Je suis rentrée jeudi au Burkina après 4 jours supers au Maroc et 15 jours reposants en France. Dans le train du retour Deauville-Paris, je regardais la campagne normande défiler. Les prairies étaient vertes. C’était beau. Et puis bizarrement, sans prévenir, une petite larme sur ma joue. Émotion rare. Combien de fois l’ai-je quitté cette belle région qui m’a vue grandir. Combien de fois l’ai-je retrouvée, intacte. Toujours avec la même peur de la perdre. A chaque fois, j’y laisse quelques souvenirs de famille, quelques images de l’enfance. Maintenant, je n’ai plus peur de grandir, mais plutôt de vieillir. C’est bête à seulement 31 ans mais c’est ainsi.
Direction Orly Sud. Pour certains, Paris est un voyage, une destination. Pour d’autres, elle est une étape, une transition avant un long voyage. A la capitale, les gens ont l’air triste, même après la période des fêtes. Tous ou presque portent des habits sombres. Tous ou presque sont pressés. Moi je suis contente de rentrer au Burkina, de retrouver la chaleur et la bonne humeur des gens. Une chose est sûre, j’aurai mis de la couleur dans mes valises, et des sourires dans ma vie au cours de ces deux années.
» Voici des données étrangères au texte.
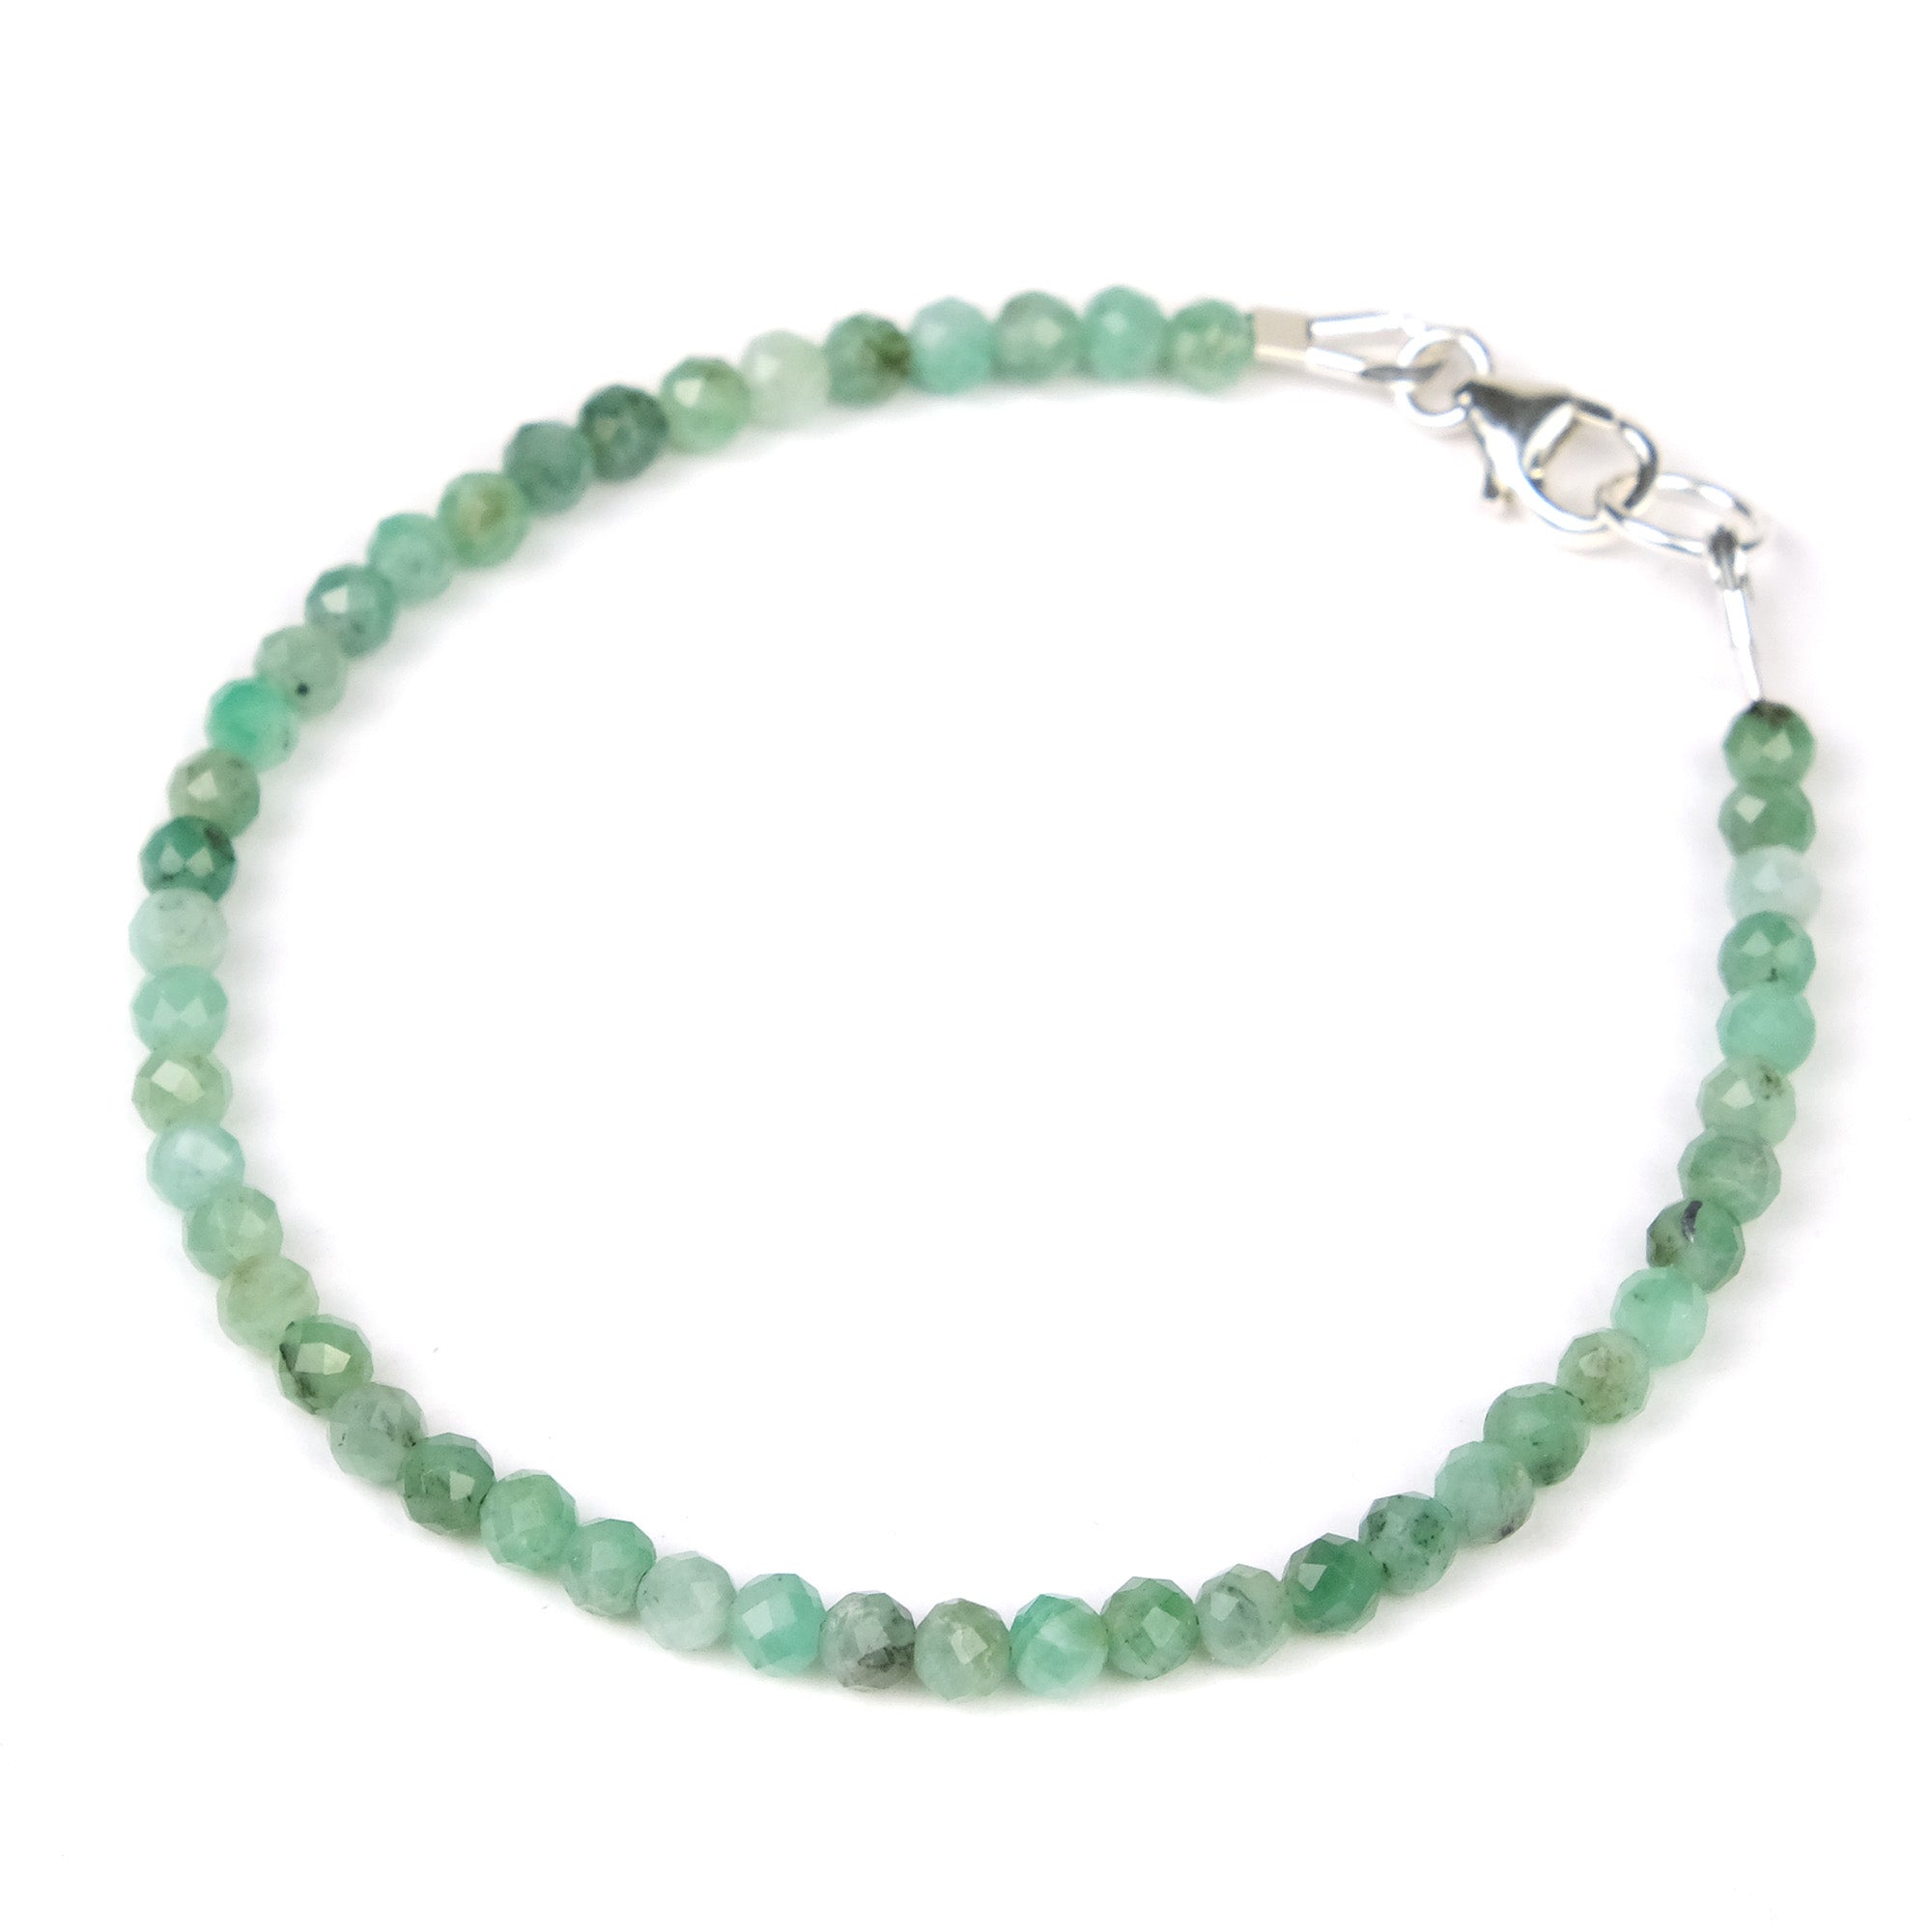 Long Leather Bracelet Featuring Genuine Emerald Faceted Stones and Tahitian Pearl Clasp to Wrap Three Time Around The Wrist.

Prochaine étape : le retour à Montréal. Dans quelques semaines l’heure du bilan approchera. Déjà : une expérience évidemment riche en découvertes, en émotions, en rencontres, culturellement dépaysante. Beaucoup de frustrations difficiles à contenir. En grande partie liées à l’interculturel et à ses inévitables incompréhensions. Quelques déceptions de devoir, de pouvoir ou de vouloir faire plus. Il y a des choses qui me manqueront, et d’autres pas, comme la lenteur. Si au Vietnam j’ai cultivé la patience, ici j’ai appris l’impatience de devoir attendre après tout et rien. Imprimer une photo devient une véritable épreuve de patience entre les coupures d’électricité et les salamalecs à n’en plus finir (c’est là que je me dis qu’il est temps de rentrer). Fatiguée aussi de devoir "m’ajuster" aux façons de dire et de faire pour ne pas blesser ou froisser la susceptibilité des Burkinabè sans qu’en retour ils essaient de me comprendre. Ils me diront que je suis chez eux. Cela n’empêche pas qu’ils fassent un effort aussi. N’est-ce pas ça l’interculturel et l’échange ? Enfin ! Lasse aussi des sollicitations sans fin et de ces blancs ou noirs qui se croient riches et qui se donnent le droit d'être méprisants, condescendants, suffisants, arrogants, irrespectueux envers les plus démunis; ceux là même qui se disent sauver l’Afrique et qui trouvent que tout est trop cher et que rien n’est assez bien. Non vraiment, je dois renter pour les oublier, pour ne garder que le meilleur de cette expérience. Je rentrerai certainement un peu désillusionnée mais toujours volontaire, décidée à y croire et à agir.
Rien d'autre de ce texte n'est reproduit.